Thirdly, we now understand more fully the threats facing our species and our planet. We see more clearly that progress in global health is threatened if we fail to tackle issues such as climate change, migration, and conflict.4

Sustainable development goals

In 2016, the sustainable development goals (SDGs) committed countries to fundamental change by 2030, including SDG 3 to “ensure healthy lives and promote wellbeing for all at all ages.”

Last year’s Astana declaration repositions primary healthcare as the most cost effective, inclusive means of delivering health services to achieve these goals. By placing communities at the centre of healthcare and encouraging participation in design and delivery, primary healthcare can be shaped to match the specific health needs of diverse countries and populations, including the most vulnerable.

Importantly, the declaration asks each country to create an action plan to meet the immediate and longer term primary healthcare needs of its population, to achieve universal health coverage, and to make progress towards the SDGs.

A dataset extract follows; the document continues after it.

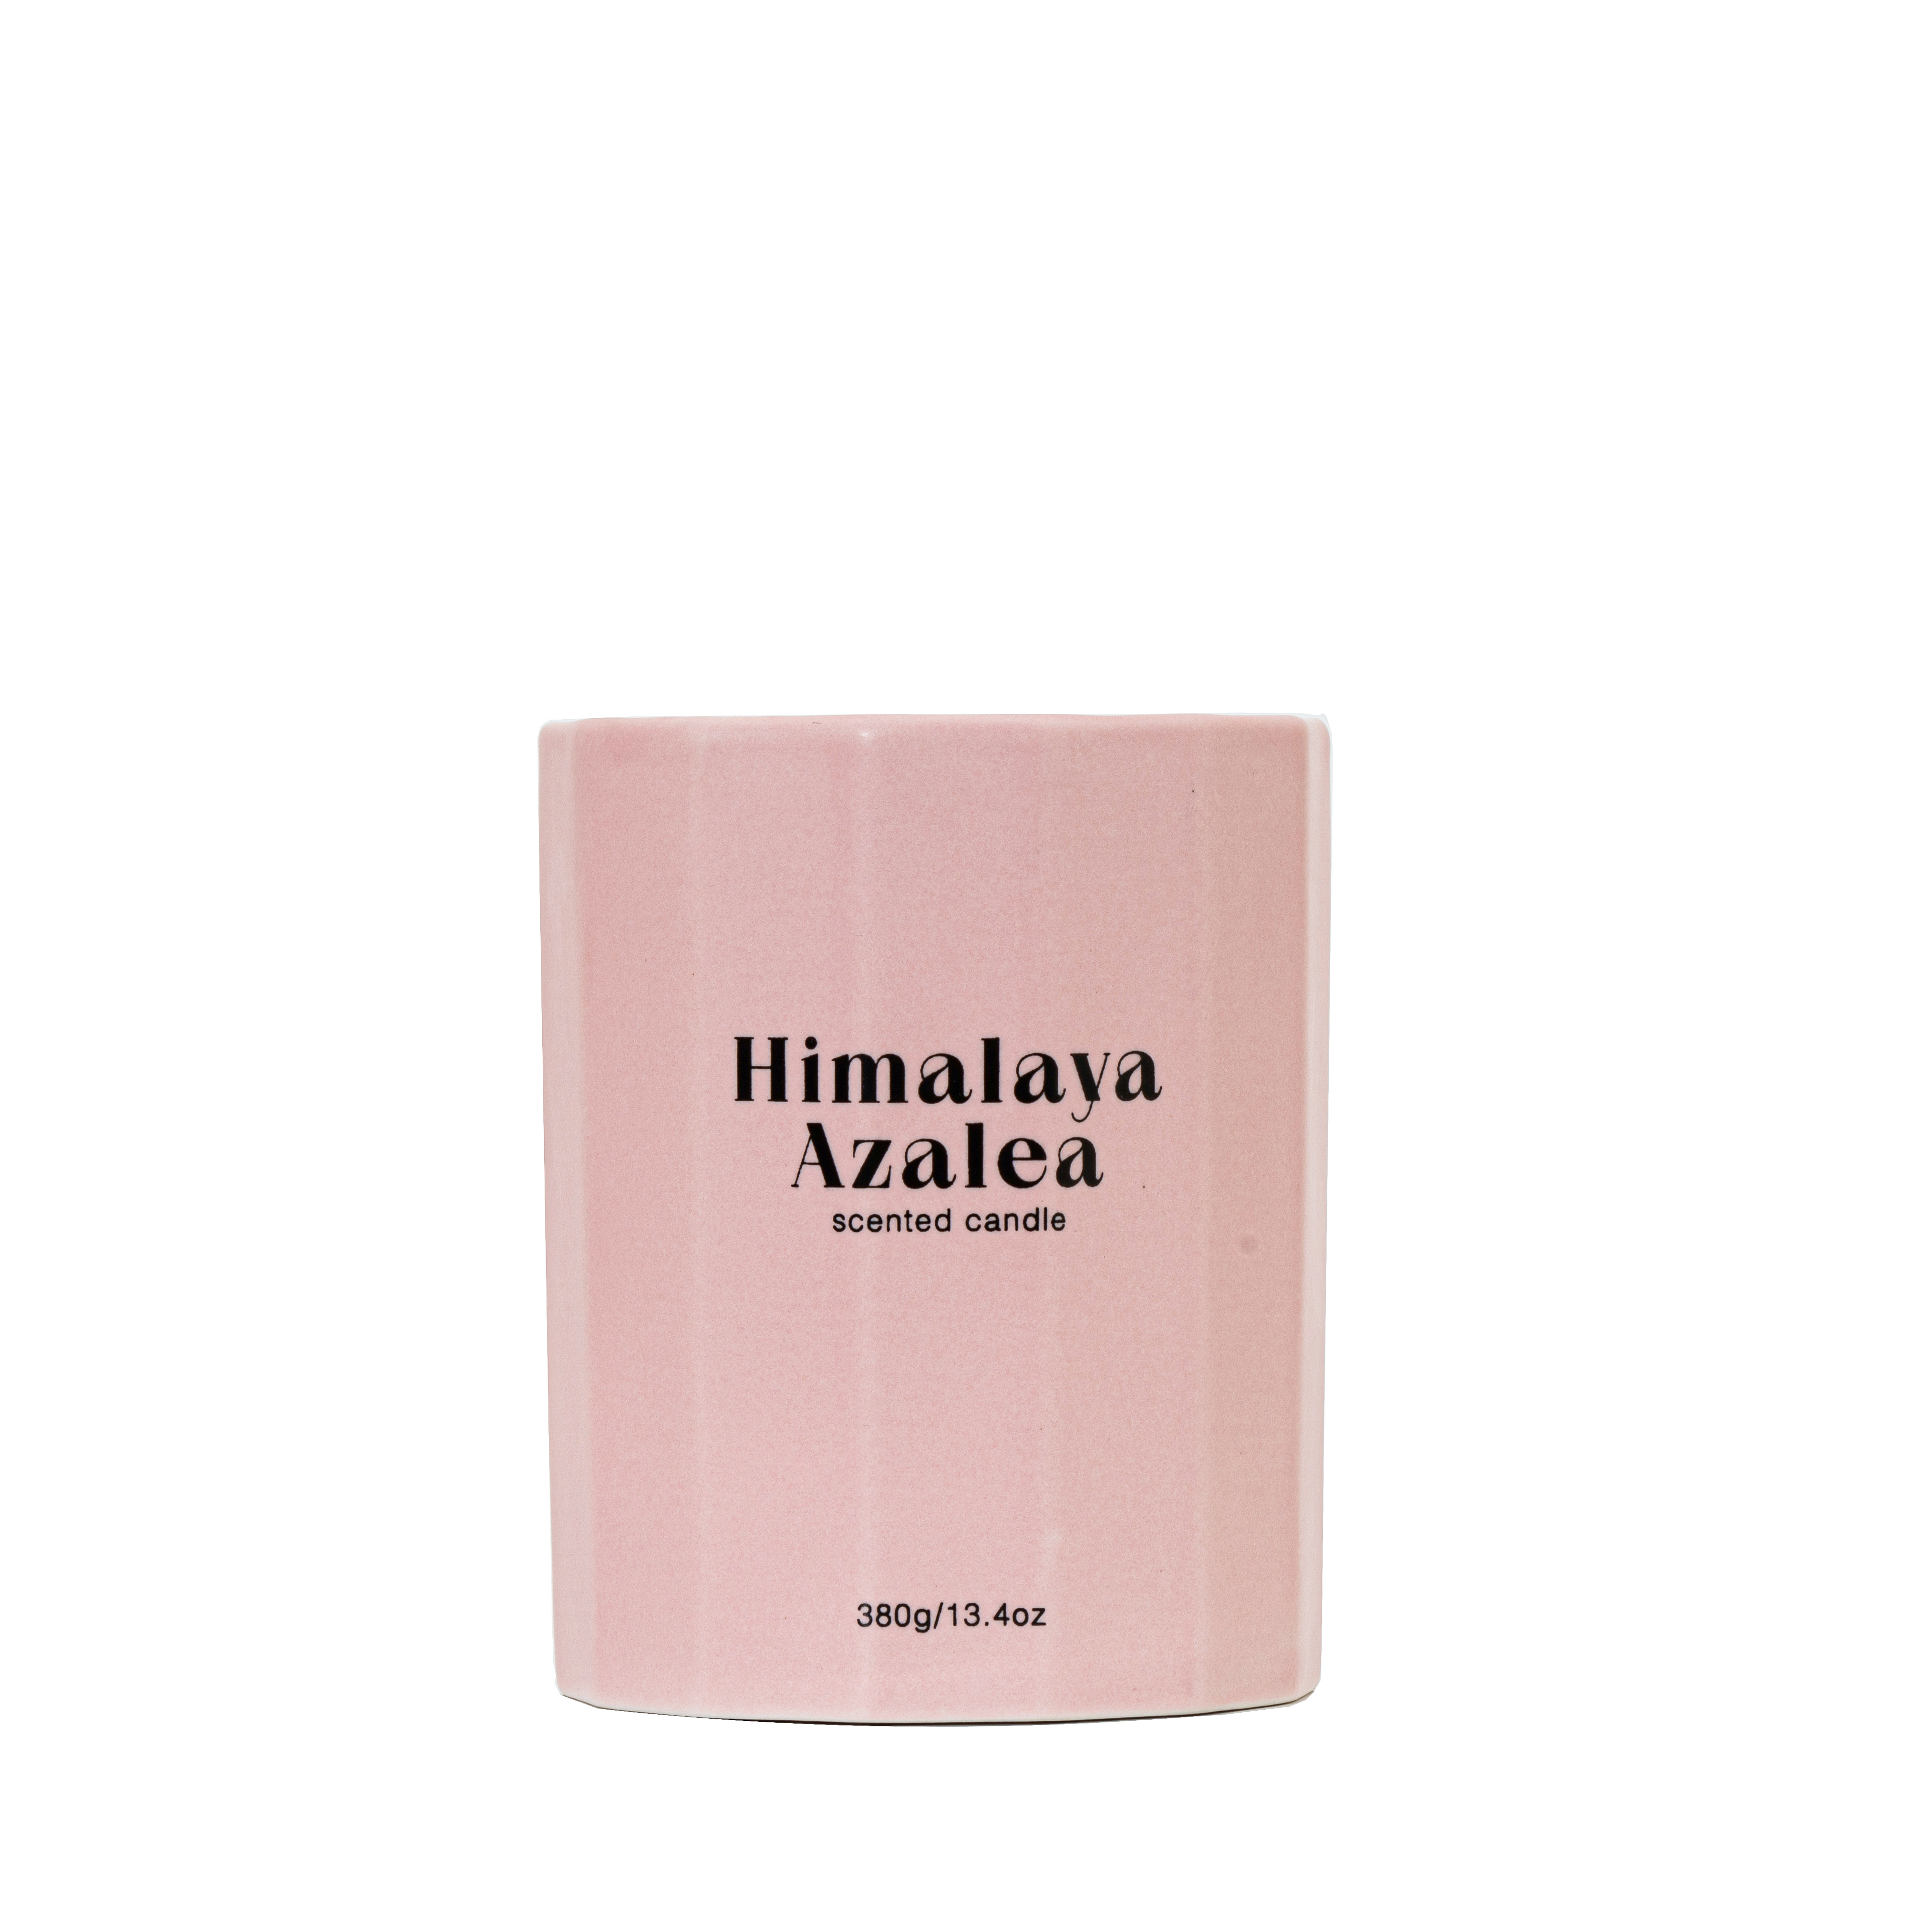 WOODWICK IS ON Collection Scented Candle Himalaya Azalea Pink Ceramic Jar 380g

We have already seen, in our own countries, how placing primary healthcare at the heart of all efforts to achieve universal health coverage has transformed population health. In Rwanda, 45 000 community health workers serve as the first point of contact for people needing healthcare; they are the functional link between communities and health facilities, such as hospitals. In Ethiopia, tens of thousands of health extension workers bring healthcare to villages and put communities in control of their health. In both countries, primary healthcare has been successfully tailored to local health priorities, as the World Health Organization recommends.3

But even more is needed, including investment to modernise healthcare systems and to support the delivery of essential services such as maternal healthcare and vaccinations. Priorities include the development of health information systems fit for new digital technologies and enabled for big data analytics, as well as the capacity to develop, test, and scale up innovations in other areas, including workforce education and systems management.

Integration, collaboration

This work cannot be done in silos. Governments must integrate their health policies with broader plans for poverty reduction and sustainable development. This requires broad collaboration, including with patients, public and private sectors, and enablers of health service delivery such as innovators in local manufacturing, supply chains, and technology.

Global collaboration is also essential, including efforts by WHO and other leading global health organisations to develop standardised, evidence based tools and resources that support the implementation of effective, safe, and patient centred primary healthcare.5 With these resources, countries will be able to evaluate progress using internationally comparable datasets that generate robust knowledge about what works, what does not, and why.

It is time to renew our global commitment to Alma Ata’s core values and reinvent primary healthcare in a way that accelerates progress towards universal health coverage— safe, effective, and patient centred primary healthcare for everyone. We have the tools and the global leadership to make it happen, and we must seize the opportunity with both hands.

Footnotes

  • Competing interests: We have read and understood BMJ policy on declaration of interests and have no interests to declare.

  • Provenance and peer review: Commissioned; not externally peer reviewed.